Renminbi funding bias spells trouble for Hong Kong’s IPO market

IFR 2496 - 12 Aug 2023 - 18 Aug 2023
6 min read
Asia
Fiona Lau, Karen Tian

The increasing dominance of renminbi-denominated funds in China’s private equity market is expected to lead to more Chinese companies listing domestically instead of overseas, adding more challenges to the Hong Kong IPO market.

China’s PE market has traditionally been led by renminbi funds but their share has significantly increased versus US dollar funds since 2021 as a regulatory clampdown on the technology sector and escalating tensions with the US have discouraged US investors from deploying capital in the country.

The imbalance became even more obvious in the second quarter of this year. According to a report by investment bank China Renaissance, renminbi-denominated funds raised US$58.4bn in the three months to June 30, which accounted for 98% of China’s private equity fundraising market, the highest proportion in five years. US dollar funds raised just US$1.1bn.

Renminbi funds invested US$13.8bn in the quarter, while US dollar funds deployed US$2bn.

“The trend is worrying,” said a Hong Kong-based banker. “Almost all the private equity investments now are in renminbi, which means Chinese companies don’t really have a reason to list overseas in Hong Kong or the US.”

Allowing foreign investors to exit has been one of the key reasons for Chinese companies to list offshore.

The trend is likely to continue after US president Joe Biden on Wednesday signed an executive order that will prohibit US private equity and venture capital firms from investing in China in sensitive technologies such as semiconductors and microelectronics, quantum information technologies and certain artificial intelligence systems.

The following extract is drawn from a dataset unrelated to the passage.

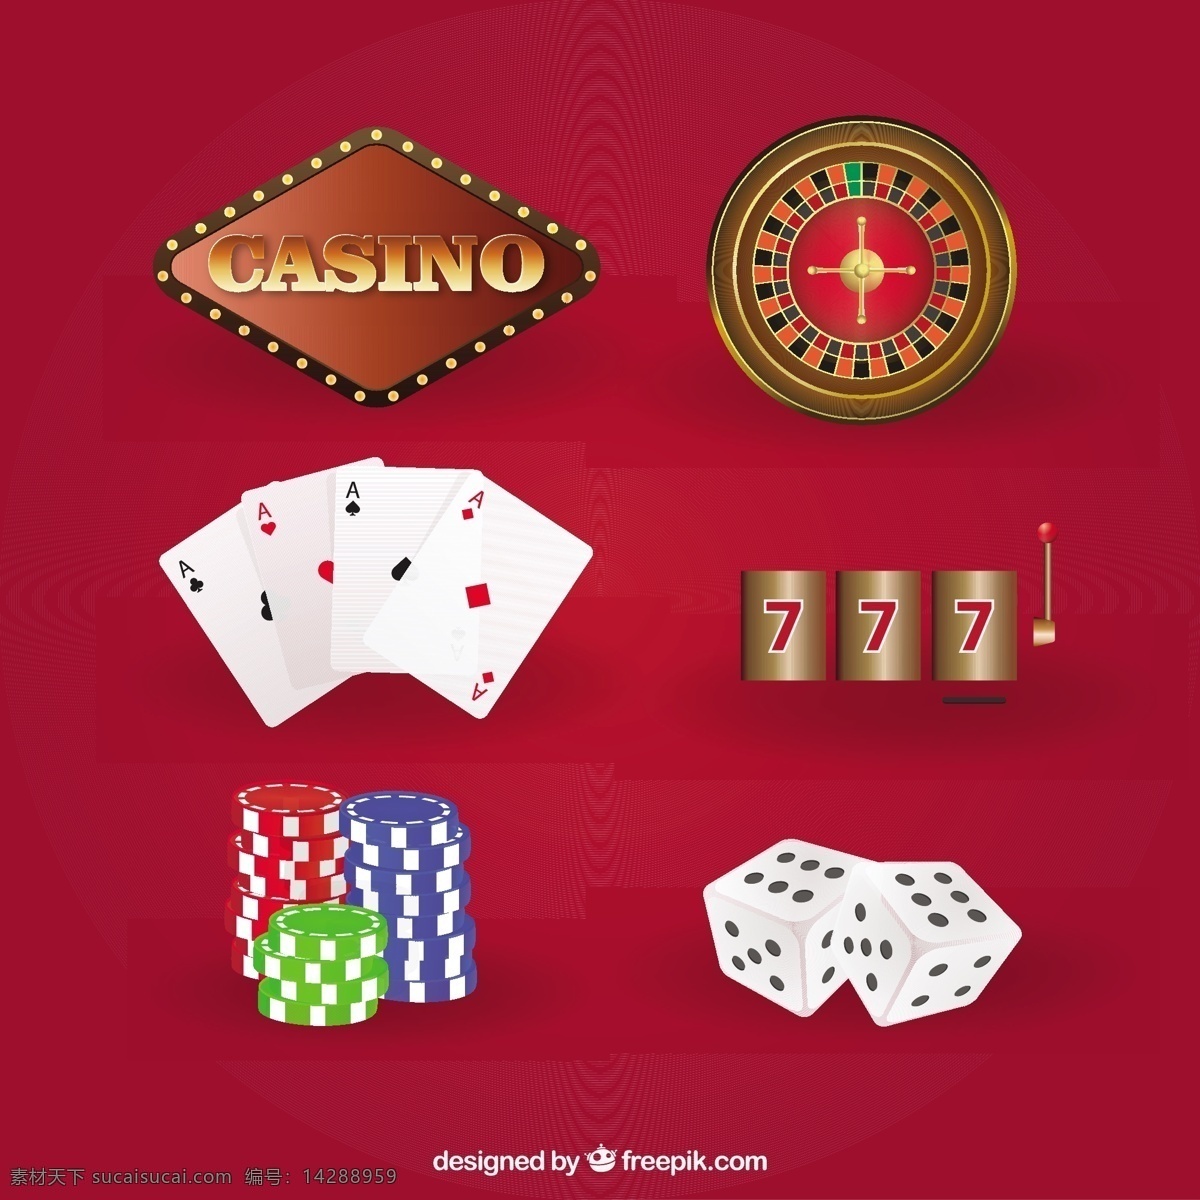 赌场 游戏 图标 矢量 游戏图标 矢量素材

The US said the order is aimed at protecting national security and preventing US capital from helping China develop cutting-edge technologies that could improve its military capabilities.

Mixed factors

A range of factors has driven the rise of renminbi investments and the fall of US dollar investments, according to private equity investors and bankers. They all agree, however, that Sino-US tensions are the main reason.

Startups in the technology, media, and telecoms space, which were once the most sought-after targets by PE or venture capital firms, are no longer favoured.

Instead, so-called hard-and-core technology companies such as semiconductor makers have drawn strong investments from local money as Beijing is encouraging the development of homegrown technology – driven partly by a US ban on exports of certain high-tech materials to Chinese chipmakers.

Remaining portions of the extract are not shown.